– Прибегал на заре Доменико, ее брат, переодетый, с привязной бородой. Его ищет полиция… наспех сообщил: слуга, который склонялся за подкуп выпустить Бенедетту, на другой день после нашего посещения виллы Волконской отказался наотрез. Хуже того: Бенедетту перевели в сырую камеру, запретили свидания. В этом деле видны руки монахов. Я побежал к Гоголю, просил, молил идти немедля к княгине. Гоголь был недвижен, сам чем-то крайне удручен. Представь, он сказал: «Хлопотать не стану. Как попало, зря, в этакую кашу нечего и мешаться. Довольно того, что раз уж напутали, приведя на виллу заговорщика».
Он мрачный такой, Гоголь. «Вопрос по существу решать надо, говорит, кого именно вы считаете на земле хозяином? Ежели себя, то и суйтесь в дрязг политики! Я же признаю над собой хозяина, важнейшего себя. И этот хозяин повелевает мне одно: заниматься грехами собственной моей души, мирным устроением общества, а не какими-нибудь заговорами и подкопами под властей… Поверьте: вы своей картиной, а я книгою сделаем сильнейшую революцию в мире, нежели глупым вмешательством в дела итальянской полиции».
– И ты в душе с ним согласился? – с гневом вскричал Багрецов. – Когда же ты выйдешь из порабощения Гоголю? Да ты слеп, что ли? Не видишь, что все биготство его, весь тон проповедника – от дьявольского самолюбия? Да он ведь ни с кем из людей не вяжет себя чувством, а каждый ему лишь средство или предмет наблюдения. Ну, вот, предлагаю тебе: проделай с ним опыт. Жизнь всего лучше докажет мою правоту. Помнишь, ты мне говорил о своем проекте новой инспекции над художниками, где бы взамен чиновника стоял человек к художникам близкий? Чего ближе поэта? Вот и твоему Гоголю предложи для мирного исправления общества писать о всех вас отчеты своим гениальным пером. Пусть научит власть имущих и все варварское общество наше вернейшей оценке произведений искусства! Это ль не достойное служение отечеству? Вот предложи-ка ему разработать хорошенько проект.
– Изумительный совет, необыкновенное измышление, – сказал Иванов, обнимая Багрецова. – Не сомневаюсь, что порадую этим проектом Николая Васильича в его жажде служить отечеству. А в секретари я приглашу профессора Чижова. Но как жаль, что Гоголь на днях едет в Неаполь! В один миг проект не испечь, а я такой копотун…

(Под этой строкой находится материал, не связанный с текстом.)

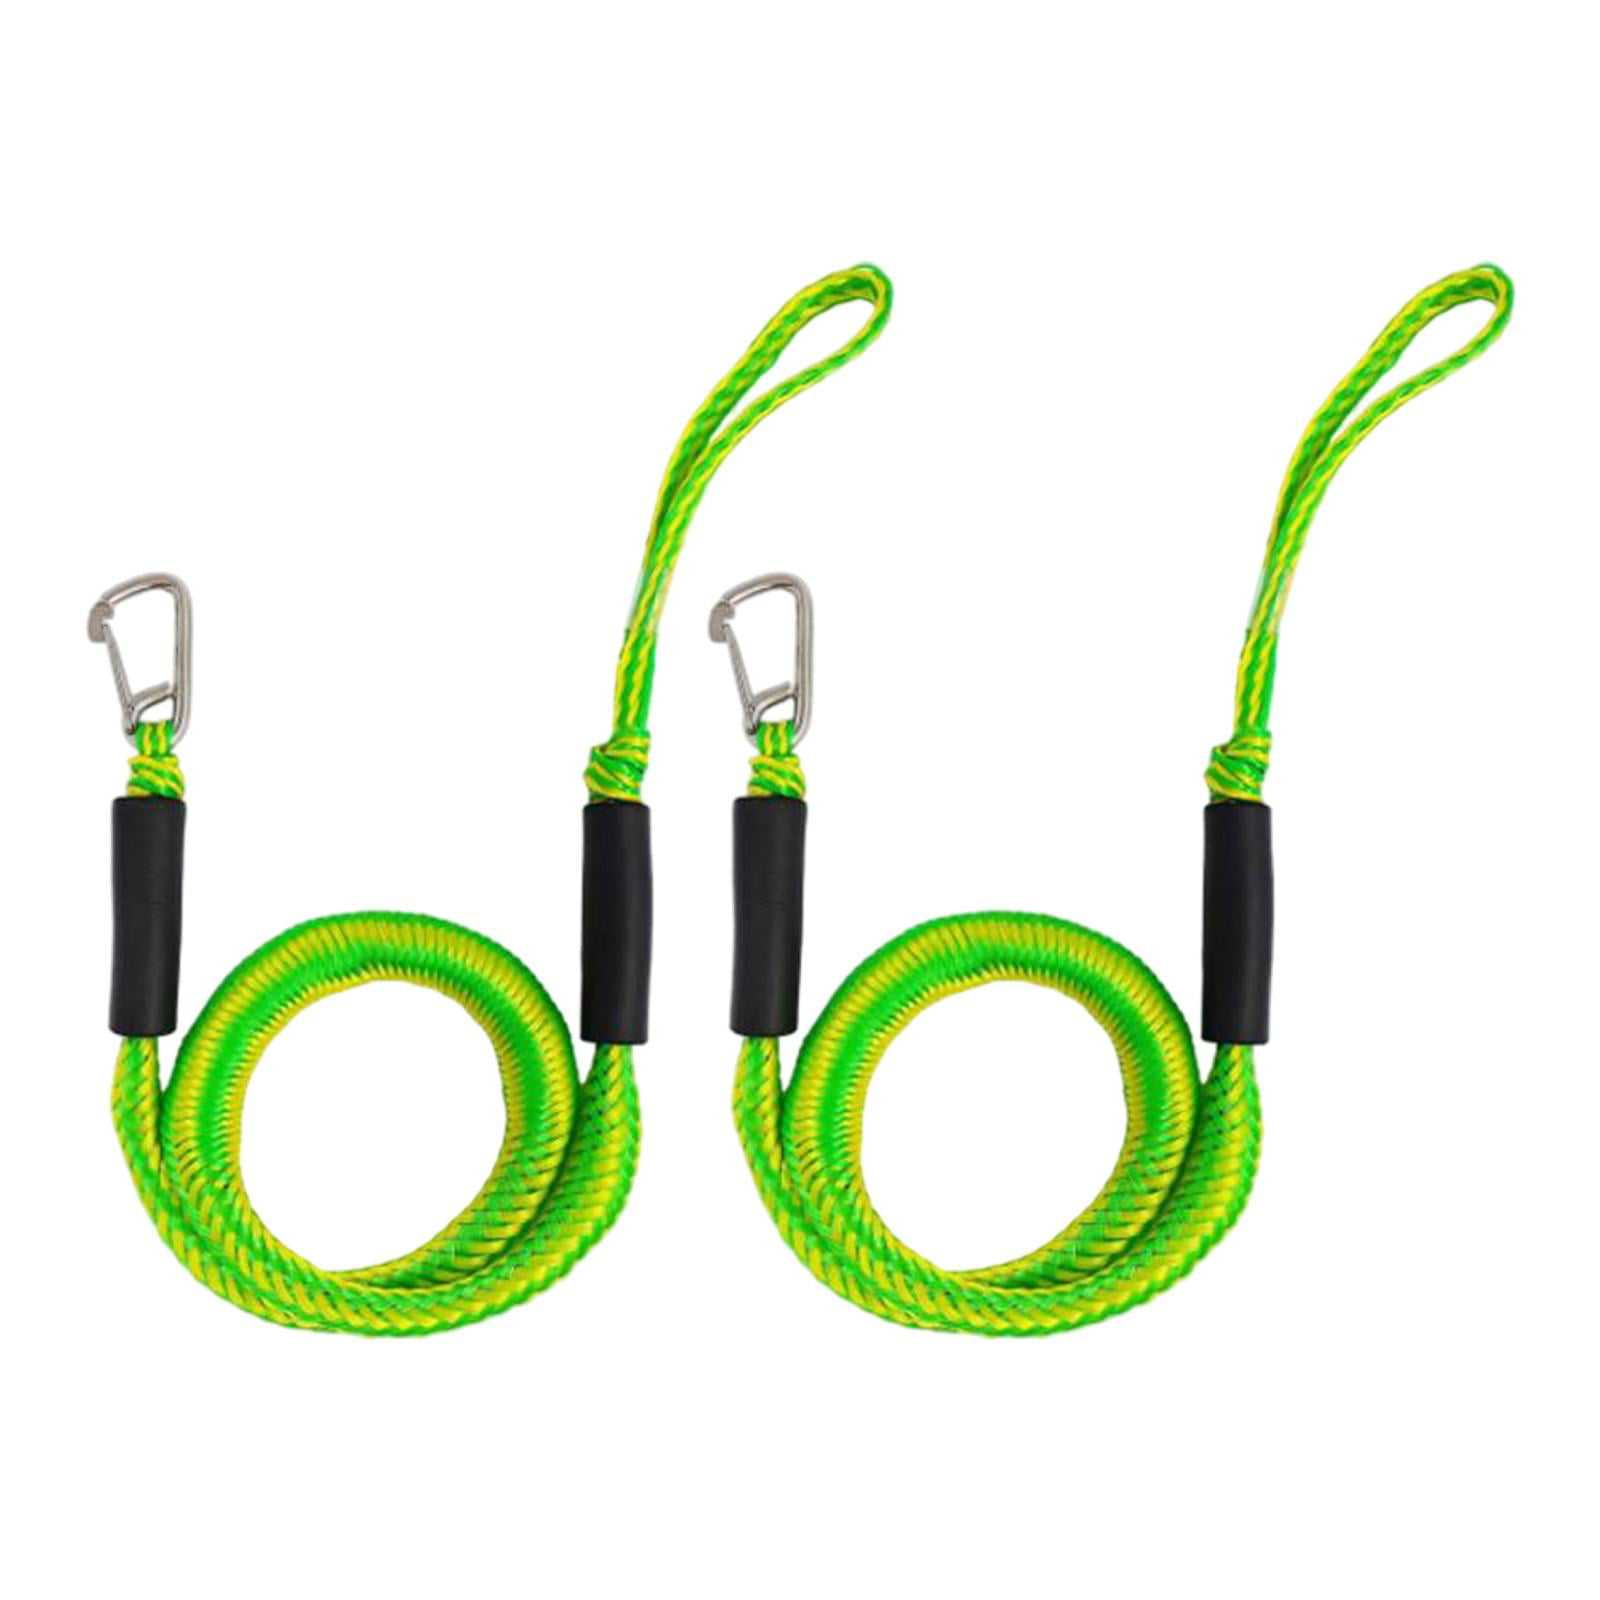 Green Mooring Rope for Boat 6 ft 4 Pack & Green Bungee Dock Line with Hook

– Ну и копайся, над тобой не горит, – сказал Багрецов, в досаде, что этот «блаженный», влюбленный в одну лишь свою картину, как глупая рыба, идет на каждый крючок. Гоголь, которым он так дорожит, при бешеном своем самолюбии, конечно, с ним насмерть поссорится за подобное предложение…
– Ну и черт с ними!
Багрецов был особенно зол: не переставая наблюдать за собой, он немало был поражен сердечным волнением – чувством, давно необычным, которое не оставляло его при мысли о Бенедетте.
«Недостает, чтобы я в это дело ввязался!» – подумал с досадою Багрецов и тут же невольно сказал Иванову:
– Я попытаюсь добиться помощи у Волконской, но без свидетелей…
Иванов пустился обнимать его и благодарить, будто он делал ему личное большое одолжение. И, конечно, так было: Багрецов снимал с нежной совести этого чувствительного человека то, что в нем порождало непосильное чувство ответственности.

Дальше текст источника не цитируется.